Here are some solutions for creating a more stress-free Christmas:
The Perfect Day
Does it need to be perfect, or do you want the day to be welcoming and fun? Imperfections are what we laugh about and create good memories around. Christmas is about connecting and sharing, so if every decoration isn’t up and every dish hasn’t come out quite as planned, people generally accept what is – if they don’t, it’s their problem, not yours. We can’t make other people happy – only they have the power to do that. So focus on making yourself happy and you will create a happier environment for others.

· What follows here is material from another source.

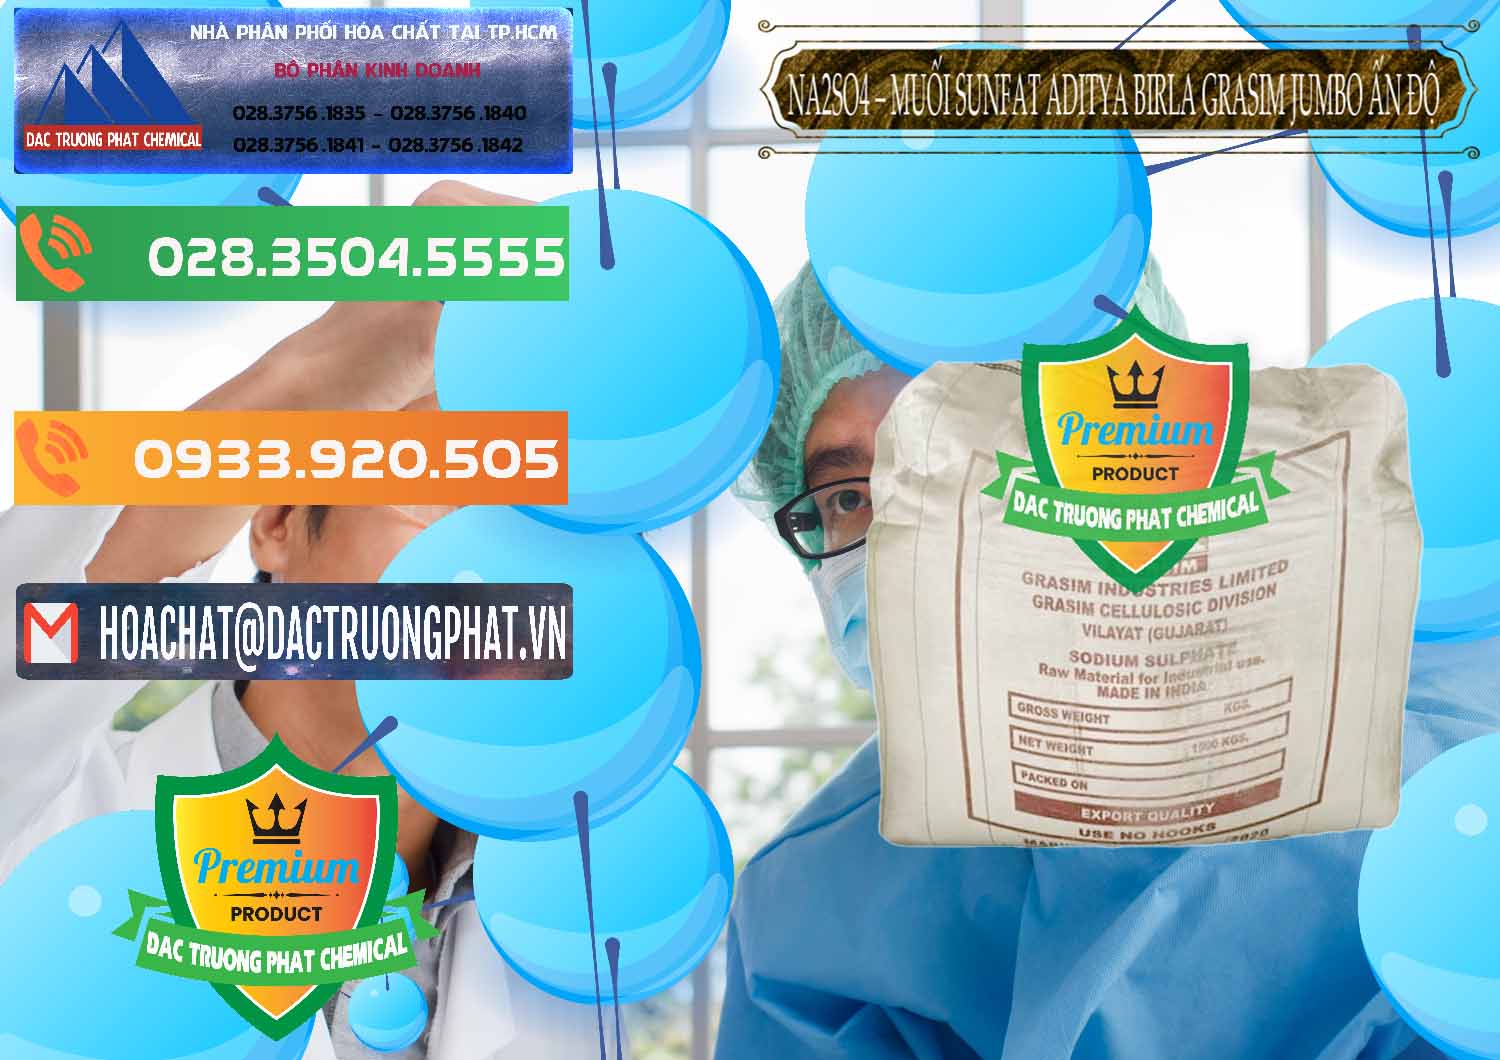 Cty chuyên cung ứng _ bán Sodium Sulphate - Muối Sunfat Na2SO4 Jumbo Bành Aditya Birla Grasim Ấn Độ India - 0357 - Công ty bán - phân phối hóa chất tại TP.HCM - hoachatxulynuoc.com.vn

When organising the meal or other Christmas tasks, instead of trying to do everything yourself, ask for help (delegation is not a dirty word). You will have less to cope with and get done, can stop being the hero who does it all, and leave others feeling important with a sense of responsibility. When asking for help, word it in such a way that others feel they have a choice, for example, “Would you be able to bring your famous dessert?”, rather than “You’re bringing pavlova.” You are more likely to receive a ‘yes’ when there is choice.
The ‘Rescue Remedy’
If you are worried about those challenging relatives, here is a simple and effective way to keep yourself in a positive place when the conversation is starting to get a little heated. I call it the blessing (you may want to use another word, like kindness, love or caring). When you notice yourself feeling frustrated, hurt, upset or angry with someone, send them a blessing, e.g. “I bless you (name)”, or, “I am sending you love”. This takes you to a more positive place where it’s difficult to hold onto the negative thoughts, and allows you to see the bigger picture. Sending them something positive will also have a beneficial effect on them. Initially it may need some persistence and repetition, however, as one friend said, “it’s like a rescue remedy” .

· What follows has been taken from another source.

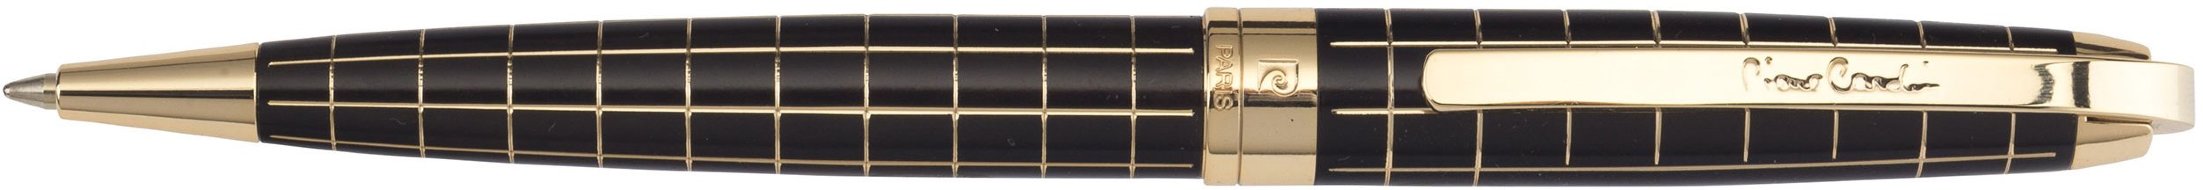 Шариковая ручка Pierre Cardin Progress черный лак, гравировка, позолота

Another stressor is the list of Christmas gifts you need to get before the big day. Christmas is a time to spend with family, and to enjoy catching up, so here are some thoughts with this in mind. Buy one Christmas gift for all those in the family you want to spend extra time with. For example, if you live near a theme park you could buy tickets for everyone and all take off for the day, or create a voucher for a picnic at the beach that you organise and cater. While it means work for you on the day it saves you a lot of pre-Christmas stress. For the younger ones/teenagers, a movie voucher for a group is a good way for them to go and spend time together.

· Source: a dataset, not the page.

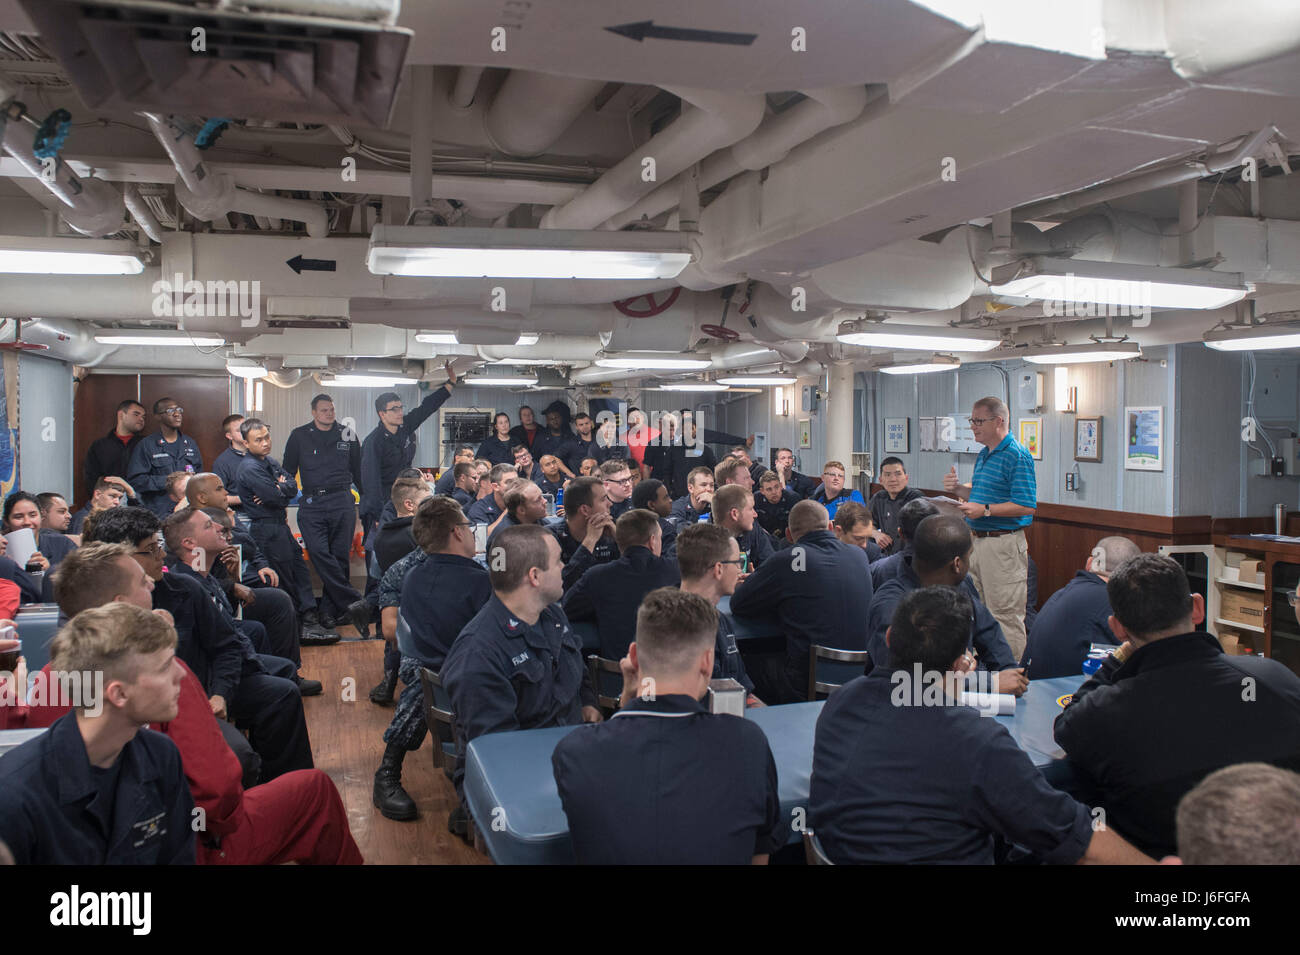 170515-N-MZ078-006 OCÉANO PACÍFICO (15 de mayo de 2017)- Los marineros reciben capacitación de sensibilización cultural para próximas visitas a puerto durante su despliegue a bordo de la clase Ticonderoga crucero de misiles guiados USS Lake Erie (CG 70). El lago Erie está actualmente en marcha en forma independiente sobre un despliegue en el Pacífico Occidental y el Oriente Medio en apoyo de operaciones de seguridad marítima y el teatro los esfuerzos de cooperación. (Ee.Uu. Navy photo by Mass Communication Specialist Seaman Lucas T. Hans/liberado) Foto de stock

Plan some fun things in advance, like making home-made pizza all together or creating a family tree – this can be a lot of fun as unknown stories about Aunt Maude, Great Uncle Ezra or Grandpa Joe emerge. If you have young children read a Christmas classic to them. Have a family quiz or home movie night – no Christmas would be complete without a great movie, especially a comedy. Laughter is one of the best cures for stress because it restores normality, hope and a sense of sharing, so find moments to create a little nonsense.
When the stress does get to you, it’s important to find some space. Be imaginative and create exit strategies, such as leaving the room to call a friend, picking some herbs from the garden, or ‘checking on a neighbour’. With a couple of escape routes planned, you’ll already feel less stressed. Breathe deeply – this produces beneficial changes in the brain by activating the hypothalamus and triggering a relaxation response in the body. It helps you cope with stressful situations in a healthier way.
Say ‘yes’ when you mean yes and ‘no’ when you mean no – and stick to it. Saying ‘no’ can be difficult, however it’s easier when you choose not to justify. By justifying you provide hooks for others to hang their arguments on, and eventually you either end up saying ‘yes’ or feel guilty for saying ‘no’. Just saying “I can’t manage that now” is sufficient – no explanation needed.
Braving the shopping centers can be daunting. People cut you off in the parking lot, push in line, and want special treatment from retailers. Nothing dispels Christmas cheer and creates stressful situations more than grumpy shoppers. We can’t change other people’s behaviour, but we can control our attitude and response. Making a conscious decision to allow people the benefit of the doubt, give up a parking space, and offer smiles as well as kind words and gestures to other people, puts you in a better mood, and may brighten someone else’s day as well.
Trying to cram in every single Christmas tradition – going out to look at lights, baking the Christmas biscuits, putting up a real Christmas tree and having the house all decorated – can be a major stressor. If you run out of time for one (or a few) of these traditions, remember … there’s always next year!